Shou Sugi Ban is Japanese technique that preserves wood by char it with heat treatment. This charred wood is also know Japanese burnt cedar. The complete process includes charring the wood surface, cooling it, cleaning, brushing once or twice and finishes it with natural oil. This process is time consuming but the final product is not only elegant, its rich, silvery finish. This Charred wood surface looks unique and beautiful without brushing or polishing and same time it is also fire, insect, rot resistant.
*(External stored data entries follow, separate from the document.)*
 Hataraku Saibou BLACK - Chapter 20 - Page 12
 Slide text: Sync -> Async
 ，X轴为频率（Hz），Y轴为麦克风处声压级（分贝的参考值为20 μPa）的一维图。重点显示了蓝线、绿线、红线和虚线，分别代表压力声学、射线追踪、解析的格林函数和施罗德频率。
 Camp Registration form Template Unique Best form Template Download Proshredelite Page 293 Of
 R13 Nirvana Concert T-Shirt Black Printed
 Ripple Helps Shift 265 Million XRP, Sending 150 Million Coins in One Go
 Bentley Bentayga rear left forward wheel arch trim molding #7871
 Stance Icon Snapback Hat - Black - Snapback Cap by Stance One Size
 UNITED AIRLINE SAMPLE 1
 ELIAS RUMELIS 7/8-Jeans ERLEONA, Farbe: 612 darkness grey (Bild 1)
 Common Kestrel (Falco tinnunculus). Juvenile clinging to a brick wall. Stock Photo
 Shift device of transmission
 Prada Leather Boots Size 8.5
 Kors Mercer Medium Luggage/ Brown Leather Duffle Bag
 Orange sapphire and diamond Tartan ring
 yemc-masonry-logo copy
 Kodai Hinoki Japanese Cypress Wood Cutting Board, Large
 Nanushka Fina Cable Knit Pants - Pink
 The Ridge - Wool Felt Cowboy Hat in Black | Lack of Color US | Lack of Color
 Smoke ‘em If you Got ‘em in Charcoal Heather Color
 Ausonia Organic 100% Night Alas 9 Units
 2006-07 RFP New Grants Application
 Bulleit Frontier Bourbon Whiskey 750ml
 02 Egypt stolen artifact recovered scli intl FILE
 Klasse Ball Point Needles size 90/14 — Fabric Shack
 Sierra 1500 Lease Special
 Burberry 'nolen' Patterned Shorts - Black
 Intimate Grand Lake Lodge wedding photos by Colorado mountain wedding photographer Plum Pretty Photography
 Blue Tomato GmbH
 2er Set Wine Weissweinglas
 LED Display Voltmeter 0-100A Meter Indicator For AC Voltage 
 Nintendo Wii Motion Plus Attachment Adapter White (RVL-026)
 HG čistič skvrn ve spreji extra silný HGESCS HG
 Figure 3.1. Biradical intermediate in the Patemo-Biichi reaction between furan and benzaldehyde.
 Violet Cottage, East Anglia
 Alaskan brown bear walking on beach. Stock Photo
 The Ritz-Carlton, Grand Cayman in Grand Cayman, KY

This burnt wood is long lasting and can be used for siding, cladding, fencing and flooring. This charred wood (Shou Sugi Ban) is unique selection for your home exterior and interior applications.
Japanese carpenters searching for a unique technique that also improved durability used recovered piece of wood from the coastlines of Japan. Due to weathering Process wood undergoes when it is treat with the harsh environment of saltwater, surf and sun. This wood was prized for its elegant appearance and durability in much different carpentry medium.
Then they turned to another weathering process to achieve the durability. Fire in this case provided the preservative, and the unique dimension Japanese homeowners. This practice of charring commonly referred to in the United States. In the last 50-100 years the practice has fallen out of favor in Japan due to the advent of modern plastic or cement based siding, decking, and fencing. Due to these factors Shou Sugi Ban process has lost.
Shou Sugi Ban was rediscovered first in Japan in early 2000’s, but after some time it seek the attention of architecture’s in North America. Then they started showing up these in traditional designed houses and buildings. As it was popular in Japan hundreds of year ago due to its durability and unique looks, its use has really expanded to other areas in few years. Charring of wood is method of coloring, finishing and preserving siding and fencing is just catching on.
We need to know that charred wood is not bug proof, however it is bus resistant. Bugs like termites fed on charred wood looks less healthy then Termites fed on fresh pine shavings. The charring therefore is a obstacle, but not a complete solution for termites and other wood pests. There are many things you can do to prevent pest damage and using charred wood siding and fencing would be a part of that, but not the whole thing. As fire resistance, the charring process drives off the lighter-weight and more volatile cellulosic compounds, leaving behind the blackened lignin which is harder and more stable. Lignin is much more chemically stable, therefore hard to digest than cellulosic compounds.